Another manga adaptation, titled Magic Artisan Dahlia Wilts No More and illustrated by Megumi Sumikawa, began serialization on Mag Garden's Mag Comi website on April 25, 2019. As of March 2026, the series' individual chapters have been collected into nine tankōbon volumes. In September 2021, Seven Seas Entertainment announced that they licensed the series for English publication.

====Volumes====
=====First series=====

| No. | Japanese release date | Japanese ISBN |
|---|---|---|
| 1 | September 25, 2019 | 978-4-04-108681-0 |
| 2 | July 21, 2020 | 978-4-04-109729-8 |

=====Second series=====

| No. | Original release date | Original ISBN | English release date | English ISBN |
|---|---|---|---|---|
| 1 | September 25, 2019 | 978-4-80-000897-8 | April 19, 2022 | 978-1-63-858199-4 |
| 2 | February 25, 2020 | 978-4-80-000943-2 | July 5, 2022 | 978-1-63-858341-7 |
| 3 | January 9, 2021 | 978-4-80-001043-8 | October 11, 2022 | 978-1-63-858718-7 |
| 4 | October 25, 2021 | 978-4-80-001141-1 978-4-80-001136-7 (SE) | February 28, 2023 | 978-1-63-858968-6 |
| 5 | September 9, 2022 | 978-4-80-001242-5 | August 22, 2023 | 978-1-68579-570-2 |
| 6 | August 31, 2023 | 978-4-80-001364-4 | September 17, 2024 | 979-8-88843-368-3 |
| 7 | July 10, 2024 | 978-4-80-001470-2 978-4-80-001467-2 (SE) | March 18, 2025 | 979-8-89373-264-1 |
| 8 | May 10, 2025 | 978-4-80-001595-2 | March 31, 2026 | 979-8-89561-688-8 |
| 9 | March 10, 2026 | 978-4-80-001714-7 | — | — |

====Spin-offs====
=====Lucia and the Loom=====
A manga adaptation of the spin-off series Lucia and the Loom: Weaving Her Way to Happiness (服飾師ルチアはあきらめない ～今日から始める幸服計画～, Fukushoku-shi Lucia wa Akiramenai ~Kyou kara Hajimeru Koufuku Keikaku~) began serialization on Frontier Works' FW Comics Alter website on February 18, 2022, with Kine Usuto illustrating. The first tankōbon volume was released November 18, 2022. The series' individual chapters have been collected into five volumes as of July 2025.

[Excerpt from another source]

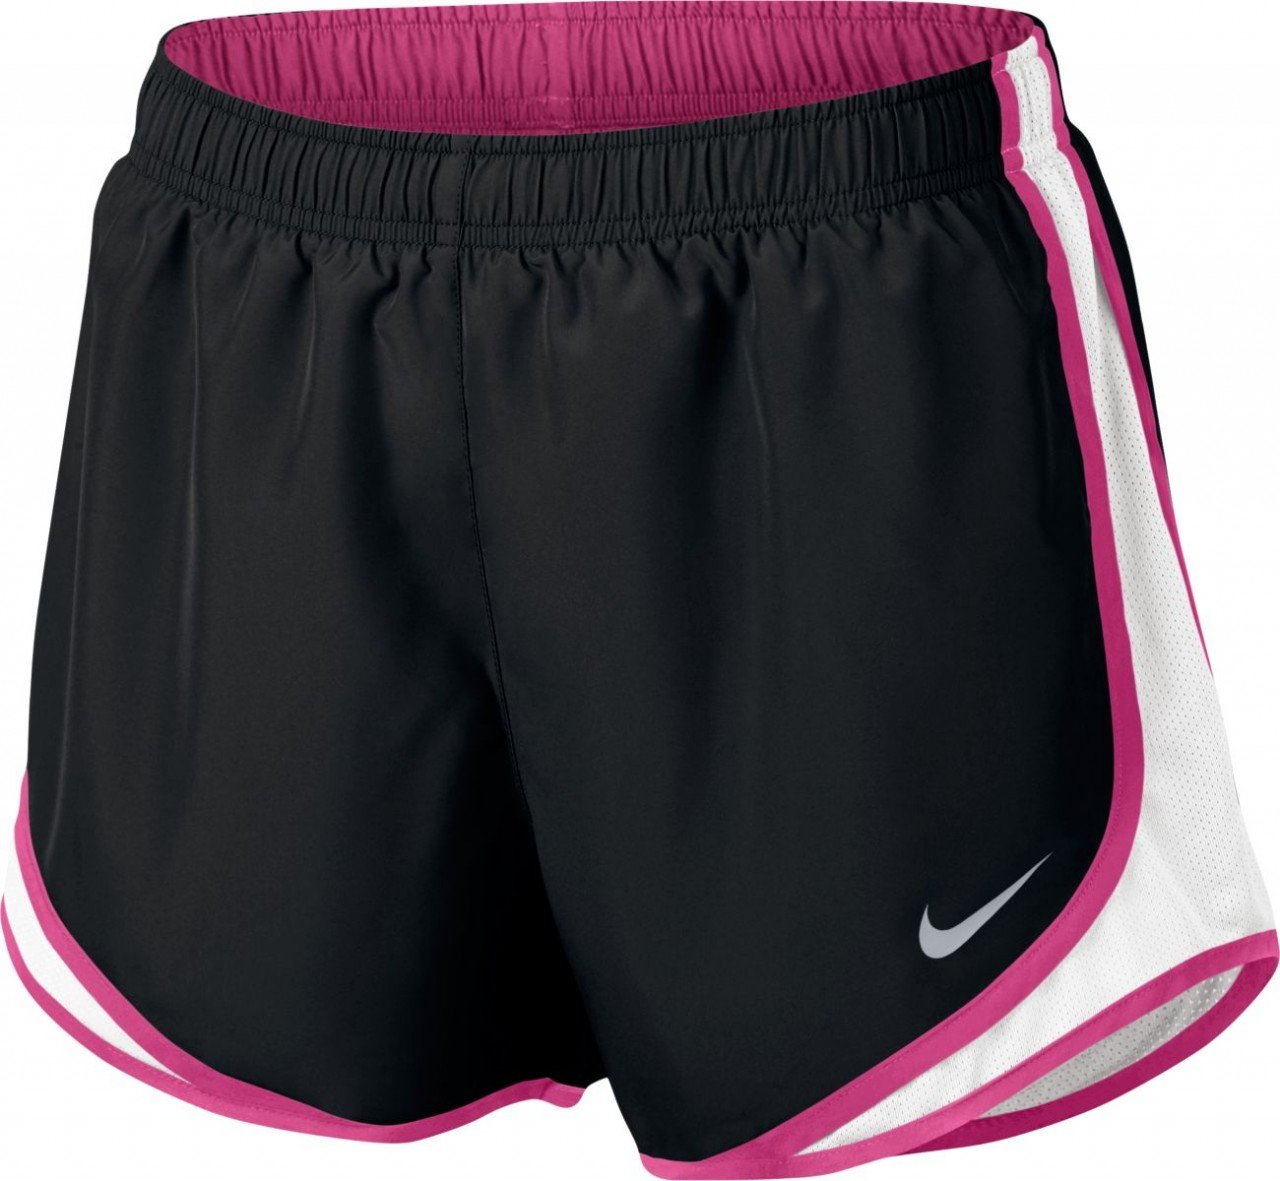 Nike Women's Dry Tempo Short, Black/White/Vivid Pink, Small by Nike

| No. | Japanese release date | Japanese ISBN |
|---|---|---|
| 1 | November 18, 2022 | 978-4-86657-612-1 |
| 2 | April 18, 2023 | 978-4-86657-646-6 |
| 3 | December 25, 2023 | 978-4-86657-722-7 |
| 4 | July 18, 2024 | 978-4-86657-784-5 |
| 5 | July 18, 2025 | 978-4-86657-843-9 |
| 6 | March 18, 2026 | 978-4-86657-931-3 |

===Anime===
An anime television series adaptation was announced during the 10th anniversary livestream of the MF Books light novel imprint in August 2023. It is produced by Typhoon Graphics and Imagica Infos, directed by Yōsuke Kubo, written by Yuichiro Higashide, character designed by Satomi Kurita, and composed by Kow Otani. The series aired from July 6 to September 21, 2024, on AT-X and other networks. The opening theme song is "Chiisana Tsubomi" (ちいさな蕾) performed by Nako Misaki, while the ending theme song is "Glitter" performed by Marina Horiuchi. Crunchyroll is streaming the series worldwide except Asia.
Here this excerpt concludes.